Não penso em um nome específico, penso em perfil. Alguém que me obrigasse a usar tudo o que aprendi no muay thai, no vale-tudo e na vida. Lutei desde 66 kg até o peso pesado na minha carreira. Hoje, pela estatura e pelos cortes de peso atuais, provavelmente competiria entre 78 kg e 84 kg. Luta boa é aquela que te tira da zona de conforto — essas são as melhores.

4) Existe uma “luta dos sonhos” que você gostaria de ter feito e que, por algum motivo, não aconteceu?

Existem algumas, sim. A revanche com Wanderlei Silva seria uma grande guerra. Ela quase aconteceu logo depois da primeira luta, mas não houve acordo financeiro. Tenho enorme respeito pelo Wanderlei — ele é um monstro sagrado do MMA.

Já nos encontramos algumas vezes, inclusive no Japão, sempre de forma amigável. Aprendi a não carregar frustração. A luta que não aconteceu abriu espaço para um legado maior: formar campeões, construir uma escola e deixar uma marca no esporte. Às vezes, o que não acontece dentro do ringue acontece de forma muito maior fora dele.

5) Olhando para toda a sua trajetória, qual você considera sua maior conquista: dentro do cage ou fora dele, como treinador e formador de campeões?
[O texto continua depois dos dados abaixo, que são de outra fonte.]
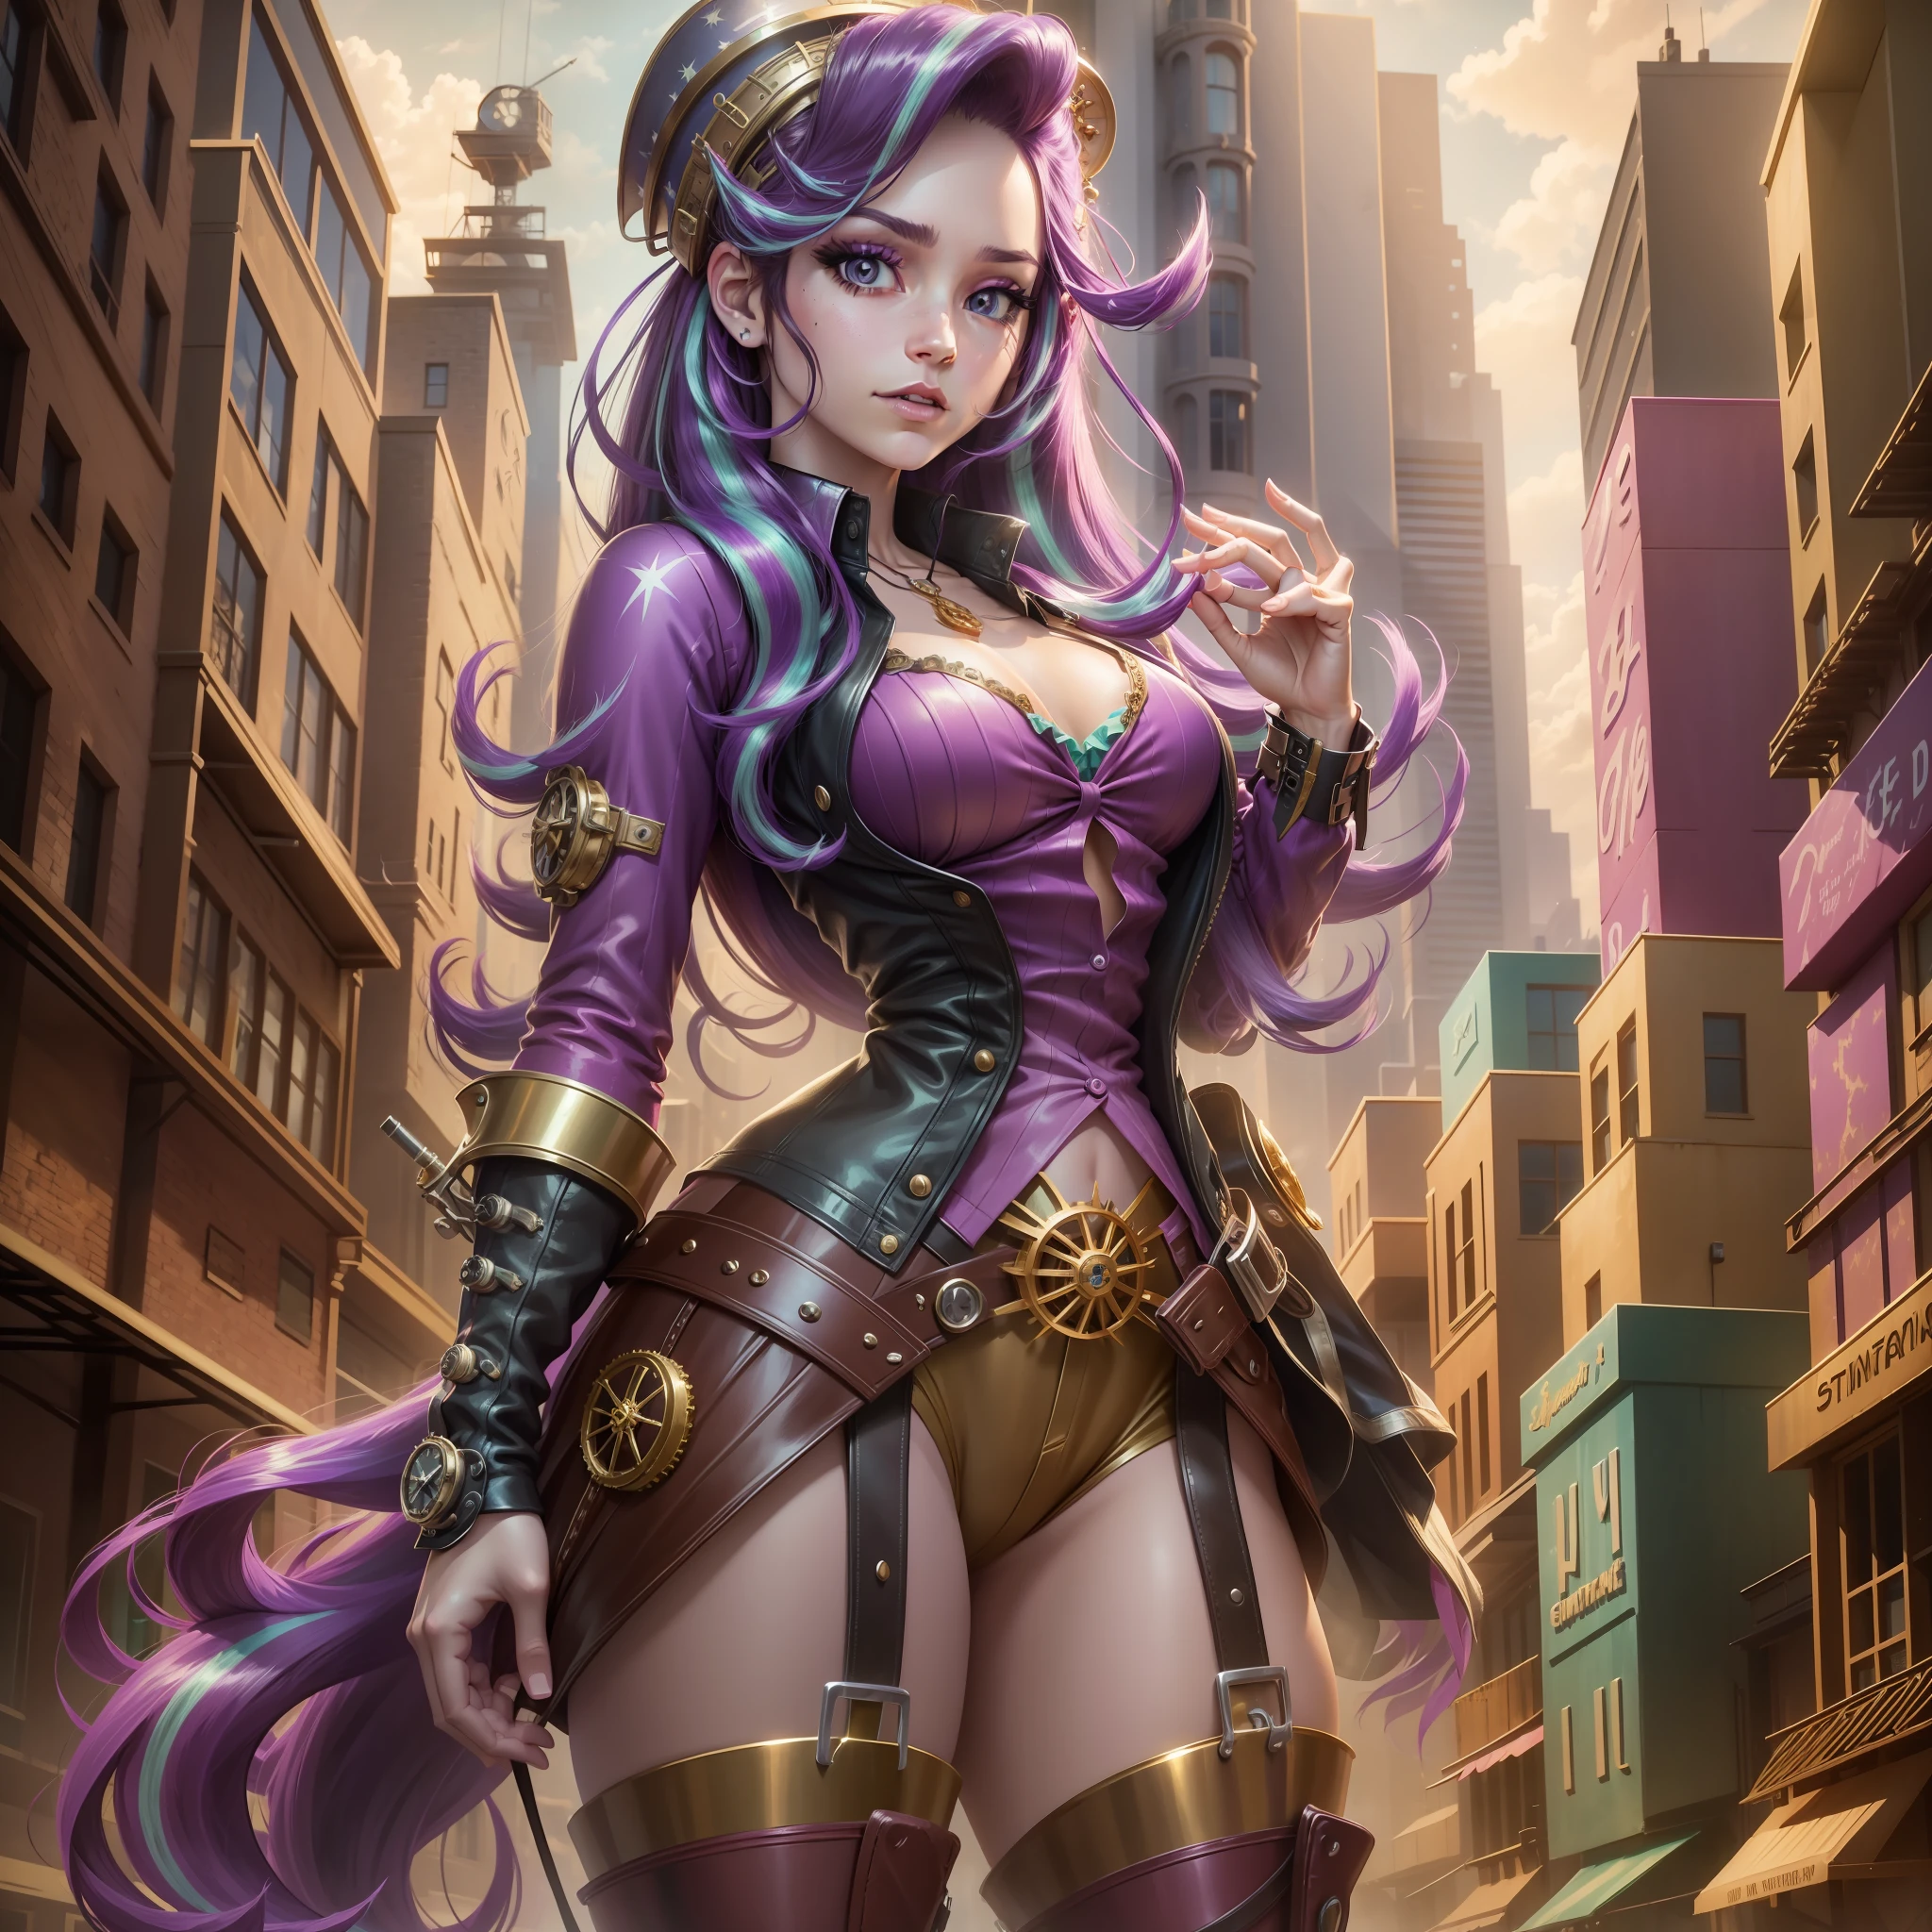 Starlight Glimmer, Starlight Glimmer from My Little Pony, Starlight Glimmer in the form of a girl, long hair, lush hair, Steampunk, body from steampunk mechanisms, golden gears, not human, gear skin, steampunk style, best quality, very detailed, ultra 8k resolution

Tenho ótimas lembranças de terminar minha carreira invicto no muay thai e de ter sido campeão do Grand Prix do IVC 2. Isso faz parte da minha história. Mas, sem dúvida, minha maior conquista está fora do cage.

As vitórias como atleta acabam quando o braço baixa. O que fica é o que você constrói nas pessoas. Ter formado campeões mundiais, alavancado carreiras, contribuído com a Confederação Brasileira de Muay Thai, criado uma metodologia, fundado a Champions Factory e impactado vidas no Brasil e no mundo é o que mais me orgulha.

O verdadeiro campeão é aquele que cria outros campeões — no esporte e na vida.

“Gostaria de agradecer à RTI Esporte e a você, Rafael Luna, pela oportunidade de falar da minha carreira neste ambiente tão especial que vocês constroem.”